Questioning the Location and Amount of Cement in a Total Knee ImplantTotal knee joint replacements have two parts: the femoral component and the tibial component. The femoral part fits up into the thighbone and forms the upper half of the new joint. The tibial implant has a plate that meets the femoral side and a stem to hold it into the tibia (lower leg bone).
This study compared the use of full versus partial cement on the tibial component. Just the underside of the plate is covered with cement in a partial, or surface, cement approach. Full cement covers the plate and the stem as it fits into the long shaft of the tibia.
One other variable was added in this study. Two different shapes of tibial stems were compared using just surface cement. Some of the tibial stems cemented in place were I-shaped, while others were more rectanglular, or cruciate, in shape.

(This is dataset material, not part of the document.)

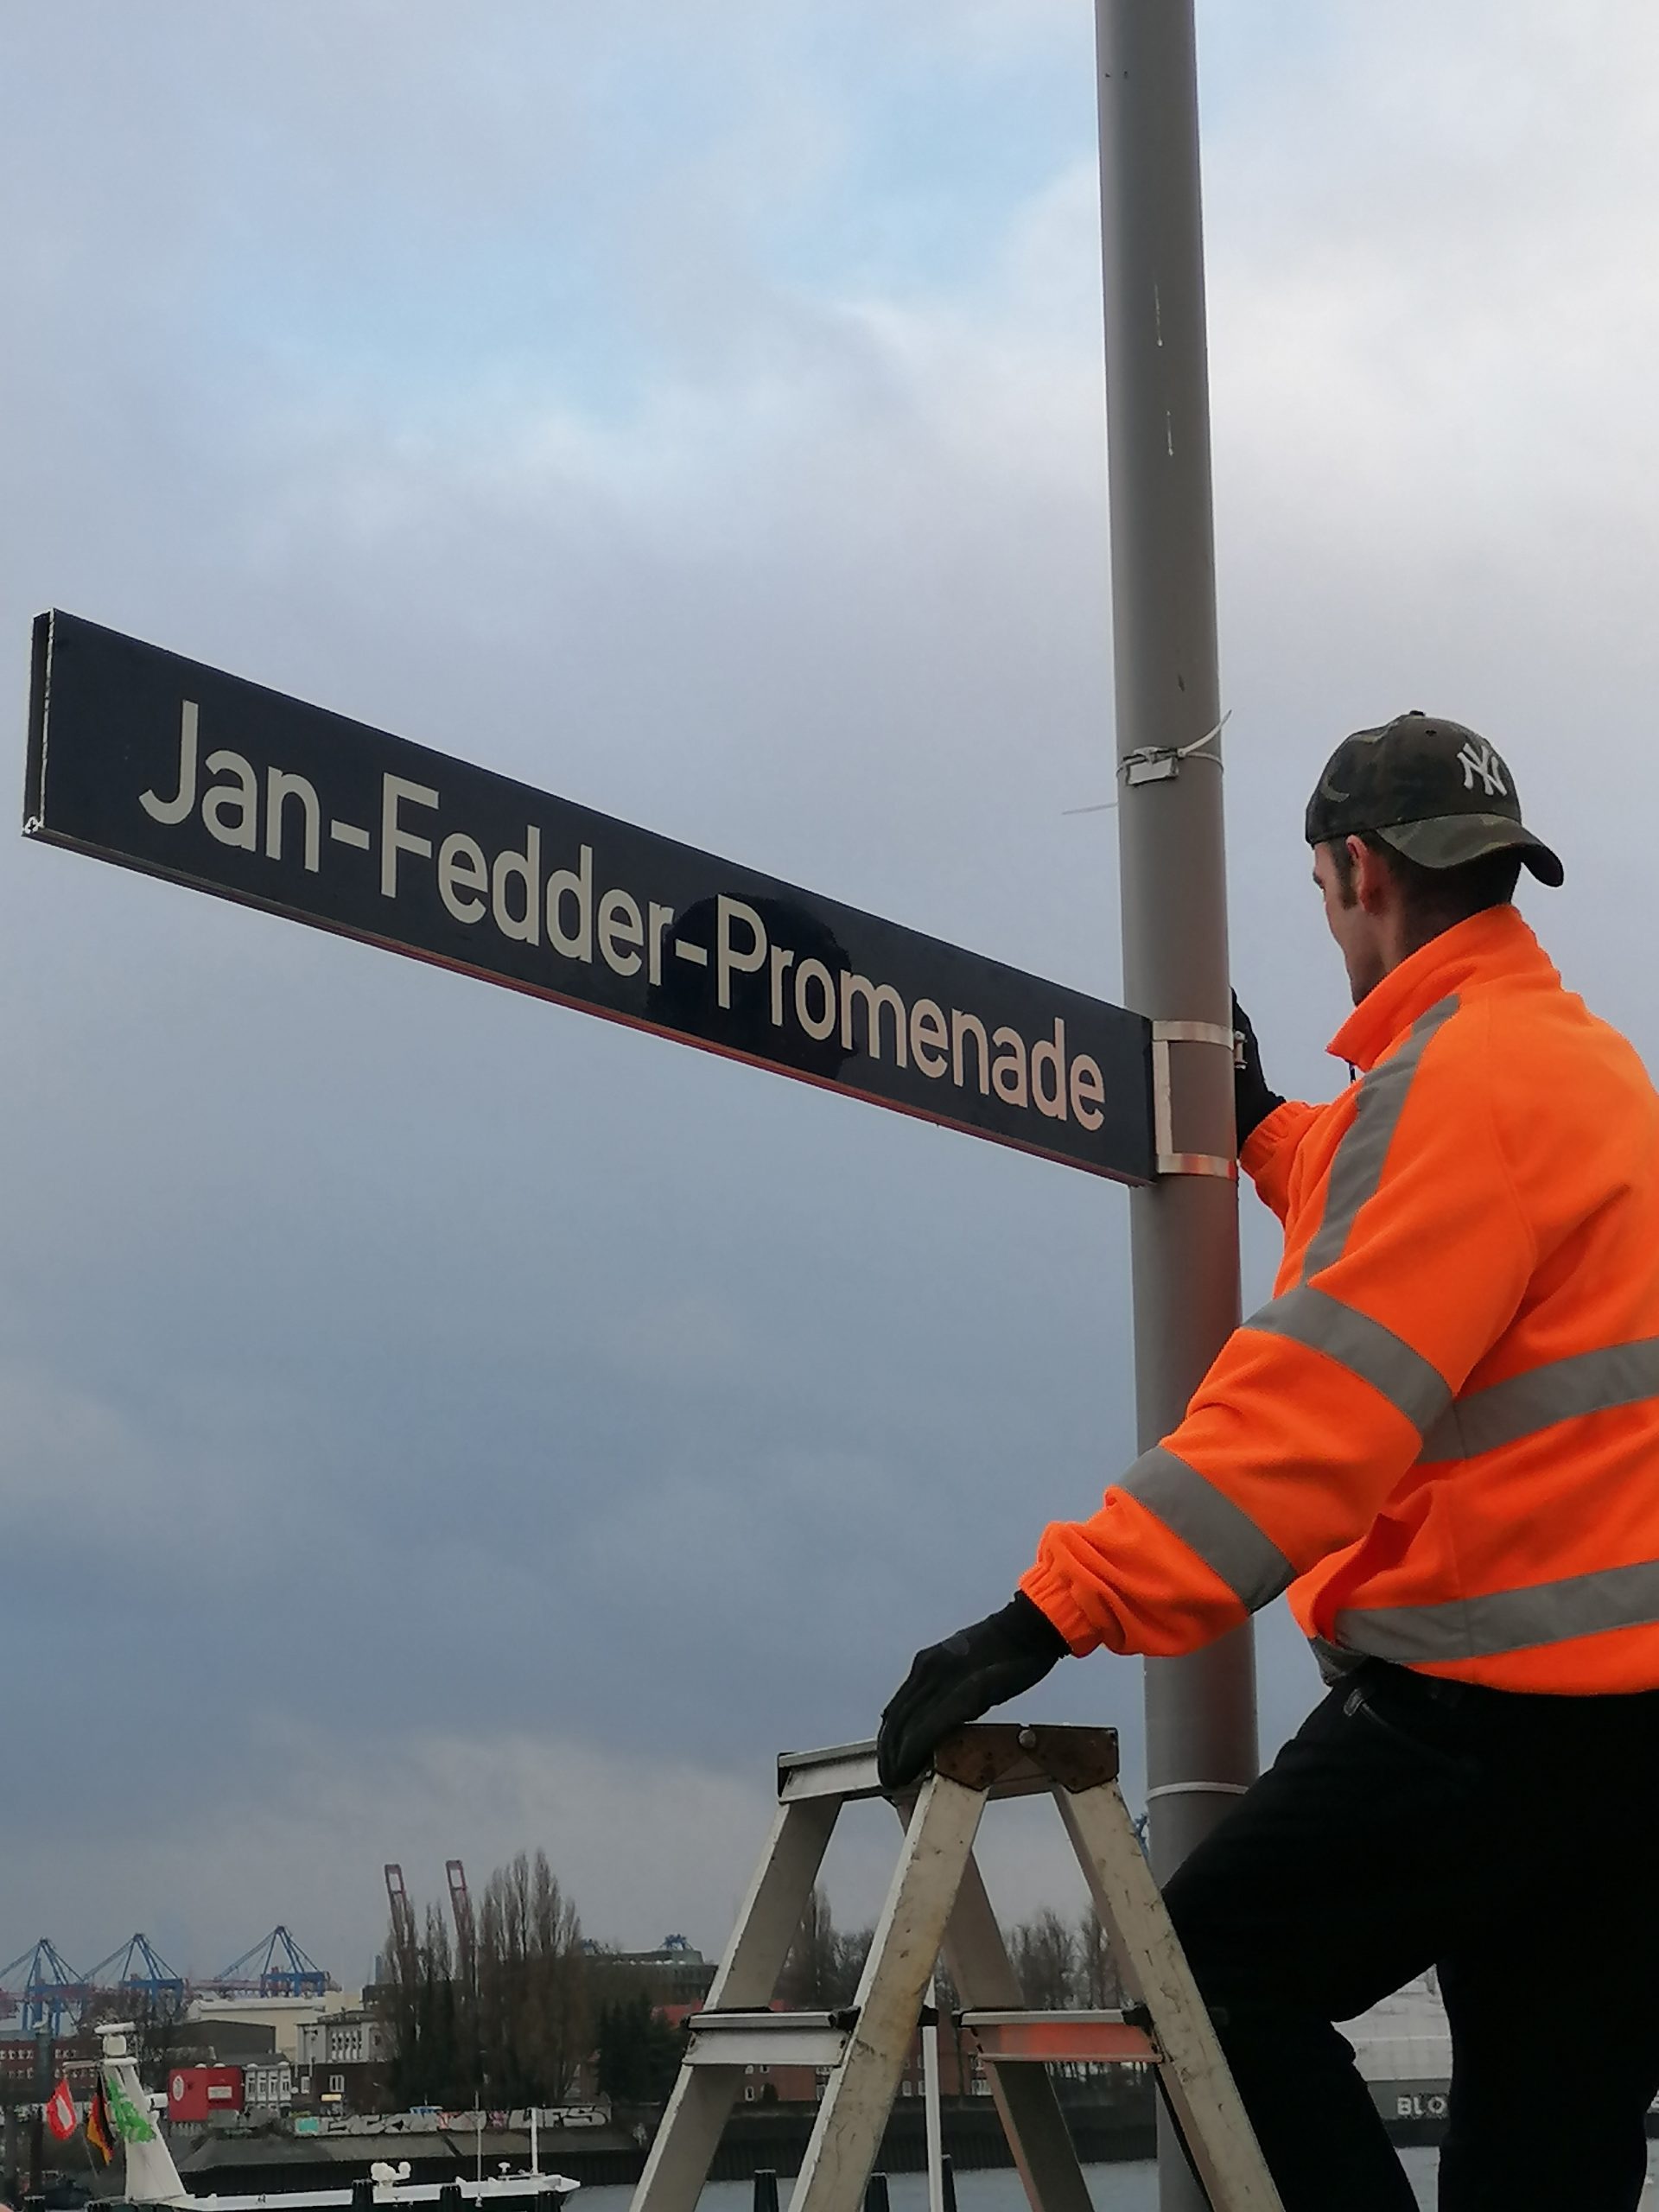 Arbeiter des Bezirksamts Mitte bringen die Schilder für die Jan-Fedder-Promenade in Hamburg an.

Tibial bones from cadavers (human bodies preserved for study) were used. Today's modern equipment and computer systems make it possible to measure the effect of stress on the implant. The bone and tibial implant were exposed to 6000 cycles of stress. The machines put three times the average body weight on the implant, as if the person were standing on the leg during walking.
The authors found that the location of the cement isn't as important as the amount of cement used. Tiny motion sensors measured any movement of the implant inside the tibia. There is no difference in implant motion when the depth of cement is 3 to 5 mm. There was also no difference in motion between the I-beam and cruciate stem with surface cement.
The authors conclude that since knee joint replacements may have to be revised or replaced, surface cement should be used. With less cement, the implant may come out more easily if it needs to be removed. Less bone damage improves the chances of success for a second implant.
Christopher L. Peters, MD, et al. Tibial Component Fixation with Cement. In Clinical Orthopaedics and Related Research. April 2003. Vol. 409. Pp. 158-168.